Bununla birlikte, bir de teknik meseleler var. S-400’lerin ortaya çıkarabileceği bir zorluk, düşman uçak tanımı. Zira bu sistemin asıl amacı, Türkiye hava sahasını ihlal eden uçakları belirlemek ve onları ya hava sahası dışına çıkarmak ya da düşürmek. Yani yarın öbür gün ABD veya müttefikleriyle bir sorun yaşandığı takdirde, onların uçakları bu tanıma sokulabilir. Dahası, Türkiye’nin “düşmanı”, bundan böyle ABD tarafından tanımlanmayacak anlamına geliyor.
***
Bir de malum, S-400’ler hem NATO’nun radar ve uydu altyapısına entegre edilemeyecek hem de Pentagon kendi F-35 jetlerinin bulunduğu Türkiye’de konumlanacak S-400’ün NATO altyapısını ve dolayısıyla bütün F-35 platformunu hack etmesinden korkuyor. Bu yüzden de NATO’nun güvenliğine uygun olmadığını, F-35’lerin bütünlüğünü de bozacağını iddia ediyor.
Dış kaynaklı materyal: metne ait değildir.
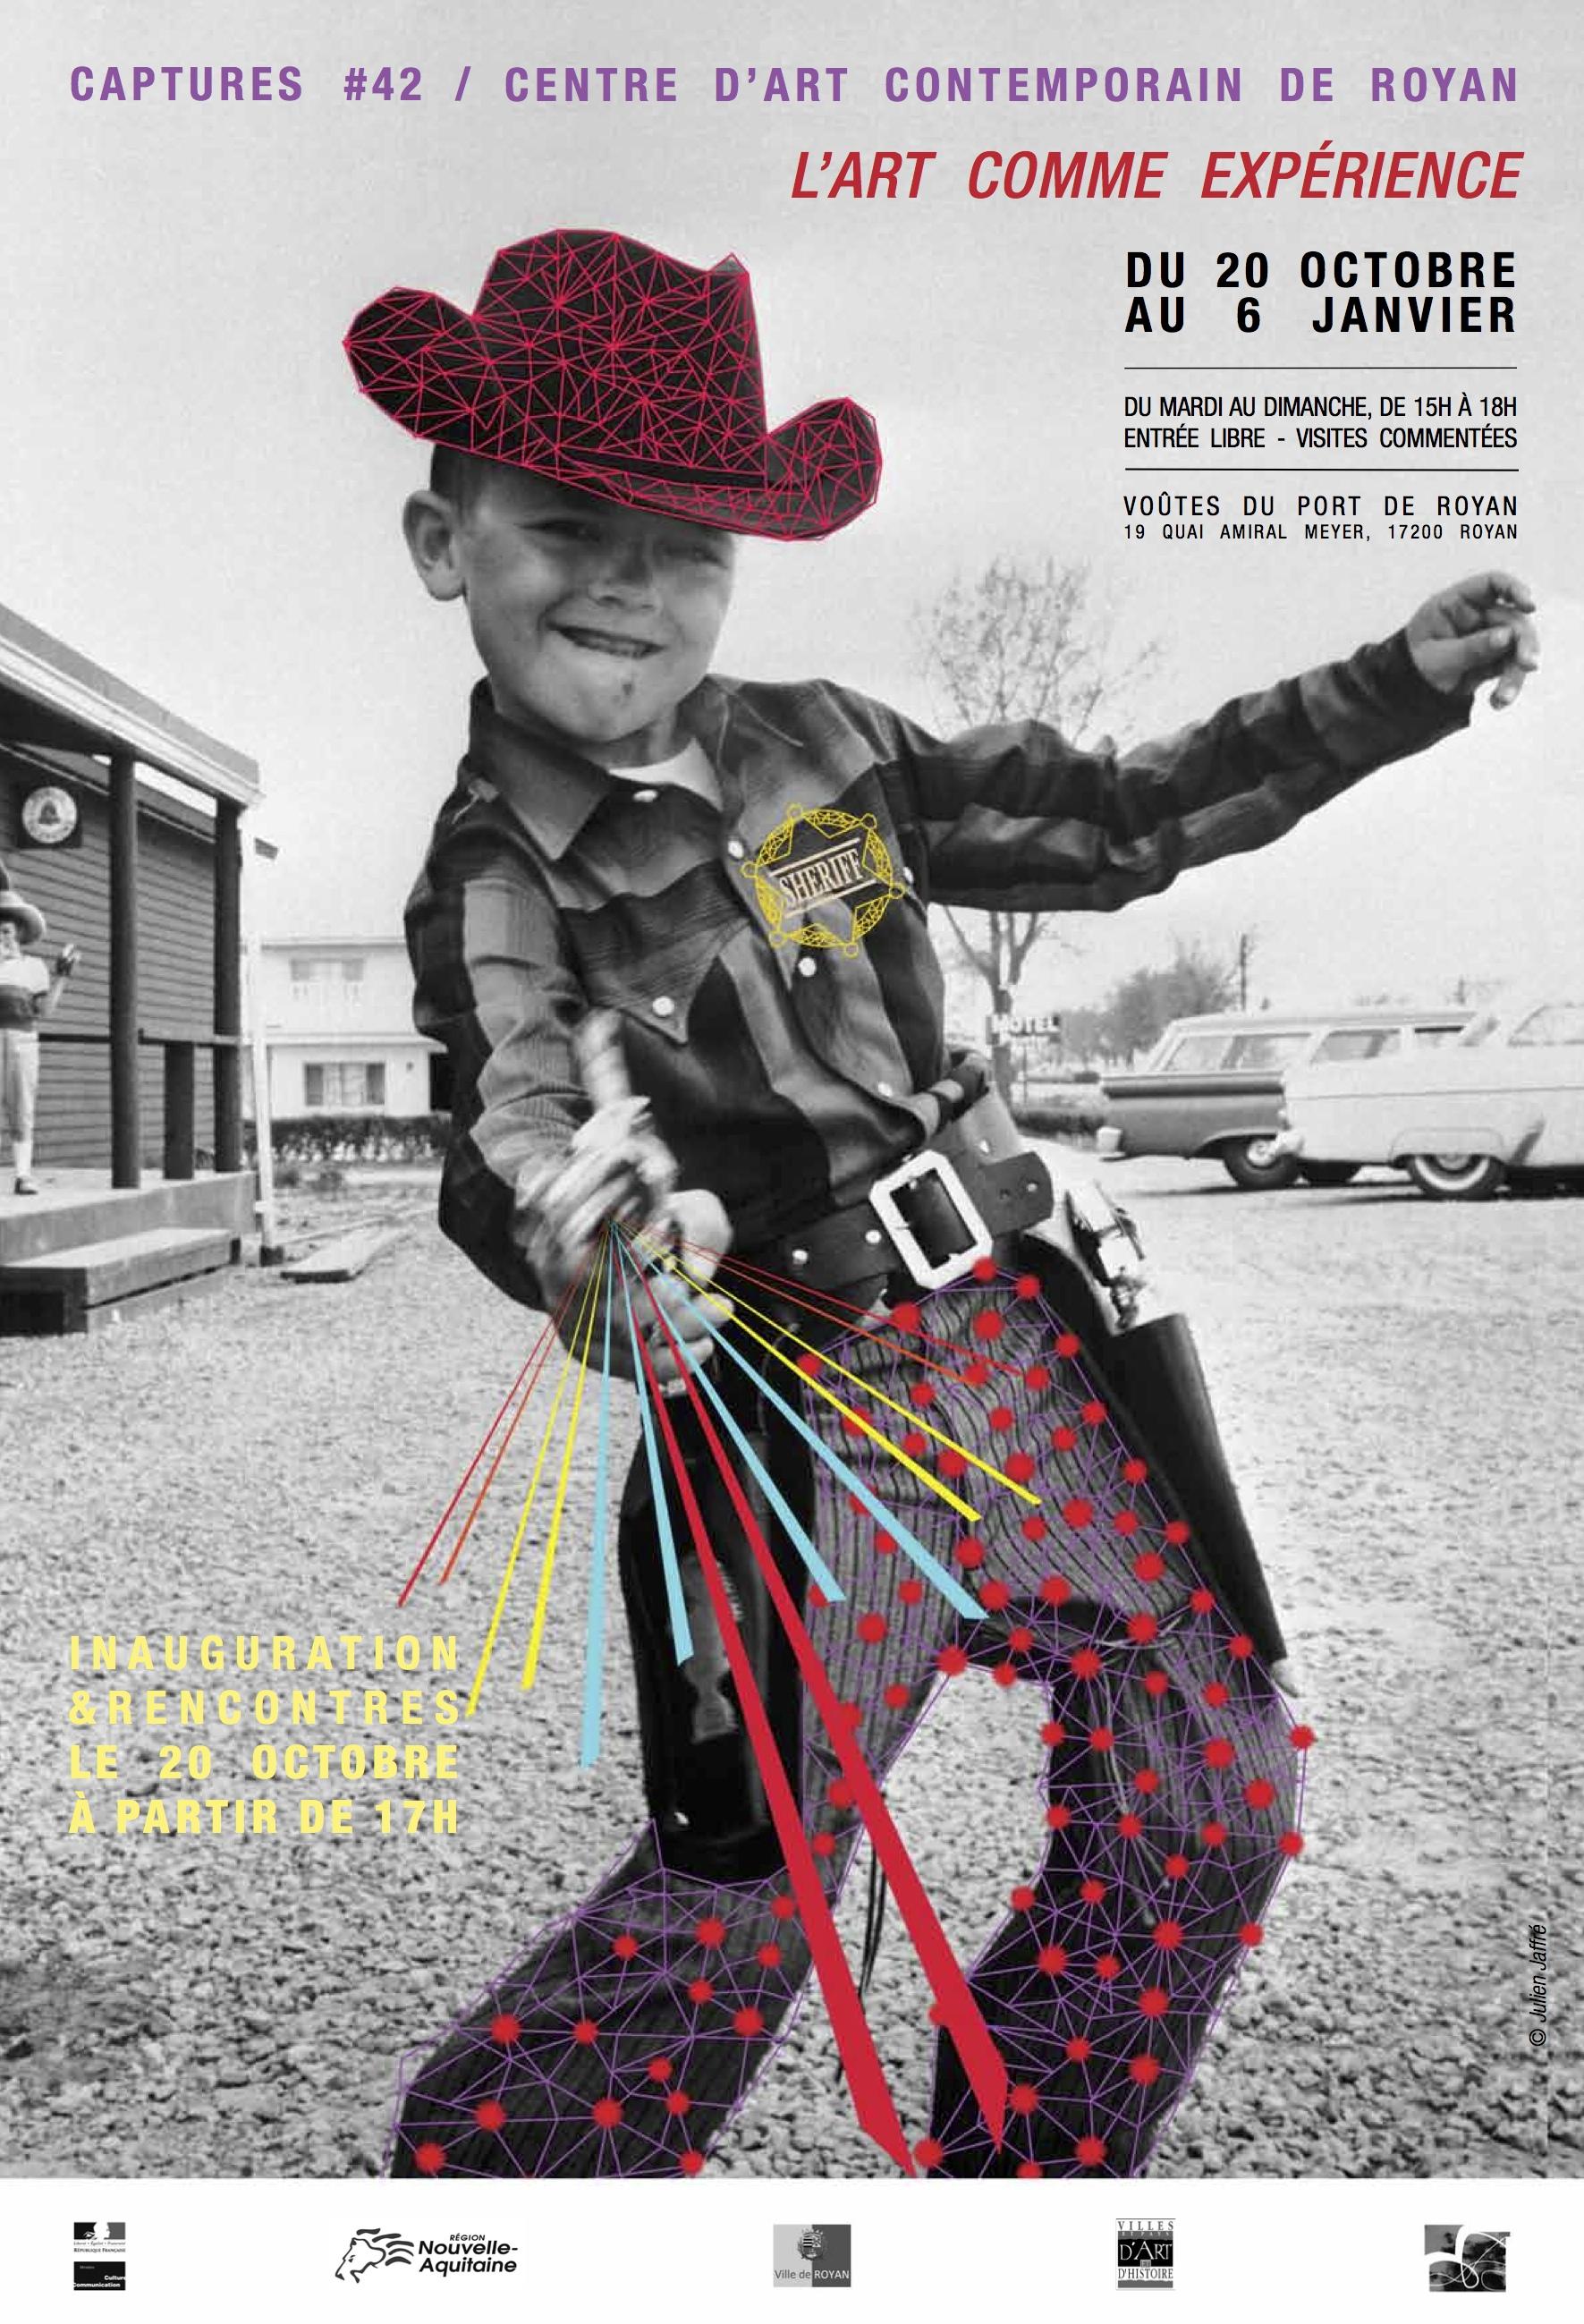 presse-captures-42-120x176-cowboy

Yani kısacası, Rusya’nın NATO’yu içerden torpilleyeceğini düşünüyor.
F-35 meselesi
ABD’nin bir diğer çekincesi de yine F-35’lerle ilgili. Malum, ABD Savunma Bakanı Vekili Patrick Shanahan’ın hafta sonu gönderdiği mektupta, S-400’ler gelirse Türkiye’nin F-35 savaş uçağı projesindeki ortaklığının da sona ereceği yazıyor. Bunun arkasında yatan sebep de şu:
S-400 sistemleri ile F-35 jetleri birlikte kullanılırsa, bu uçakların iddia edildiği gibi S-400 radarlarına görünmez olup olmadığı ortaya çıkacak. Ki bunu öğrenen ilk ülke de Türkiye olacak.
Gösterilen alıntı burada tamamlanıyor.